Murray backs bill banning assault weapons

Bill would require background checks on future gun sales

By Katy Sword, Columbian staff writer



Sen. Patty Murray, D-Wash., joined 22 other Democratic senators Wednesday to introduce a bill that would ban assault weapons.

“While there’s no one solution to the epidemic of gun violence, it’s past time for Congress to take common sense steps to strengthen critical safeguards and stem the tide of rising gun violence plaguing our communities,” Murray said in a press release.

The bill would ban the sale, manufacture, transfer and importation of 205 named military-style assault weapons, although current owners of weapons could keep them.

The bill also bans any assault weapon that uses a detachable magazine and has at least one military characteristic, including a pistol grip, threaded barrel or telescoping stock. Again, owners of weapons matching these descriptions could keep them.

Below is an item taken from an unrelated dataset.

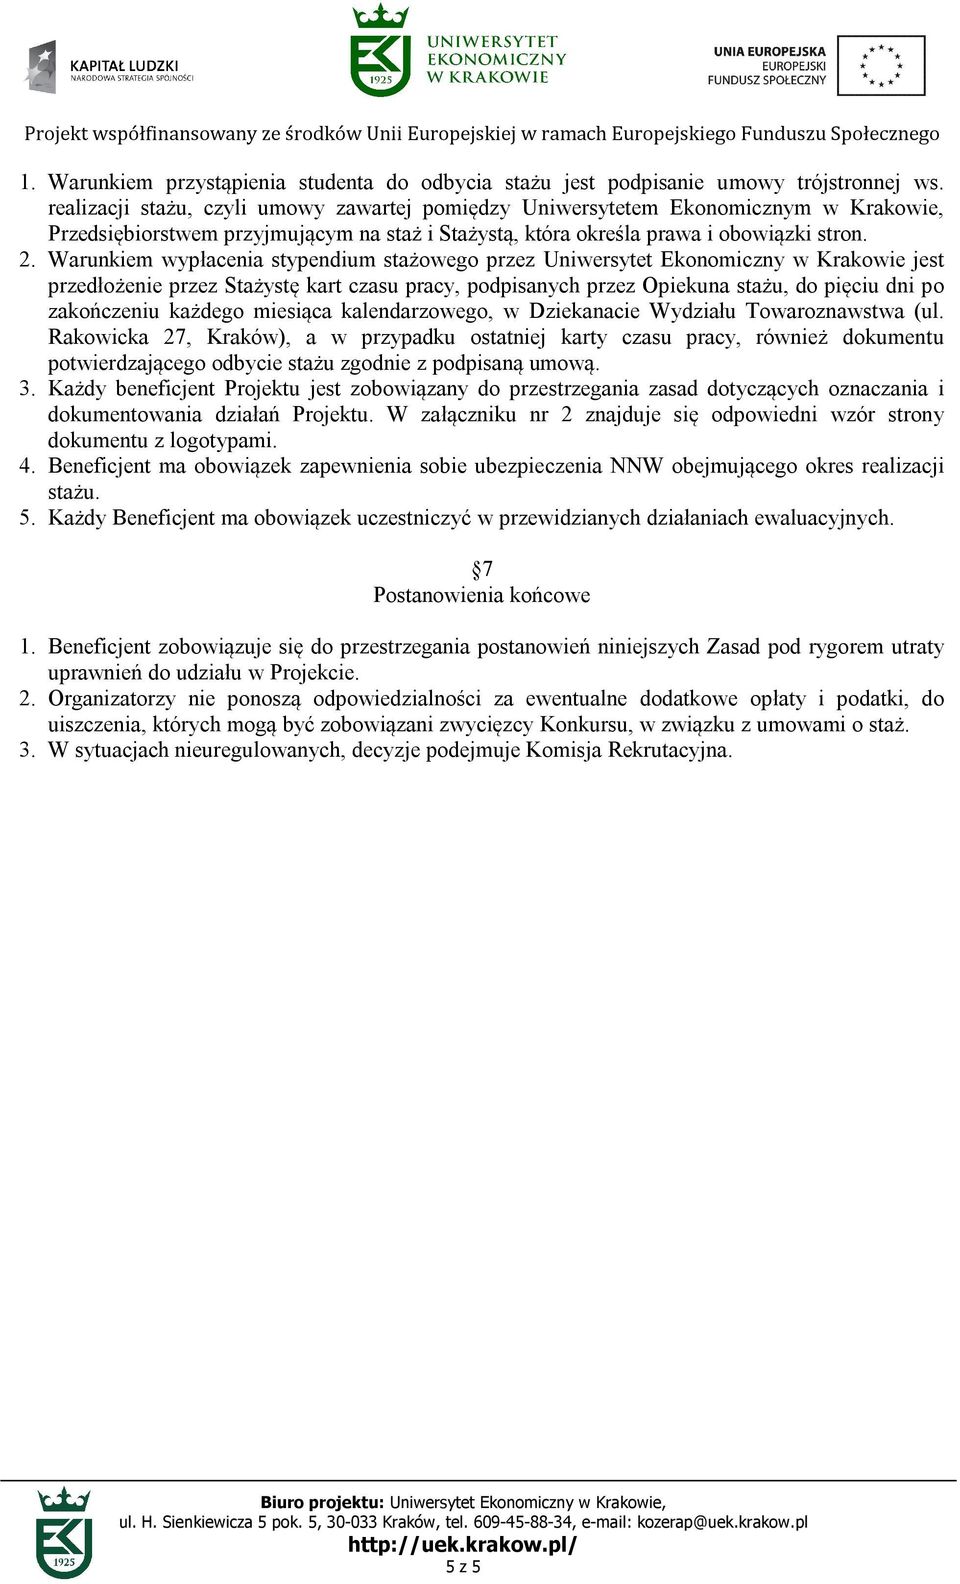 Warunkiem wypłacenia stypendium stażowego przez Uniwersytet Ekonomiczny w Krakowie jest przedłożenie przez Stażystę kart czasu pracy, podpisanych przez Opiekuna stażu, do pięciu dni po zakończeniu

Magazines that can hold more than 10 rounds of ammunition would also be banned, exempting current owners.

The Assault Weapons Ban, if implemented, would require a background check on future sales, trades or gifts of assault weapons named in the bill as well as require grandfathered assault weapons to be stored in a secure gun storage or with a safety device like a trigger lock.

A ban on bump stocks, which allow semi-automatic weapons to function like a fully automatic weapon, is also included in the bill.

“From last month’s horrific scene on the Las Vegas strip to the heart-wrenching stories coming out of Sutherland Springs, Texas, too often we’ve had to reach for our thoughts and prayers to make sense of the unthinkable gun violence that continues to claim innocent lives, devastate families and ravage communities across Washington state and nationwide,” Murray said. “But we need more than thoughts and prayers. We need action.”

Cantwell reviews bill

Sen. Maria Cantwell, D-Wash., did not co-sponsor the bill. Cantwell did support a 2013 bill that was introduced in the Senate after the Sandy Hook Elementary School shooting but failed 60-40.

“Sen. Cantwell will review the legislation and has supported an assault weapons ban in the past,” said Bryan Watt, a Cantwell spokesman. “She continues to support common sense actions that help end senseless gun violence in our communities, like banning the sale of devices, such as bump stocks, that convert guns into unlawful automatic weapons, closing the terror loophole and expanding background checks.”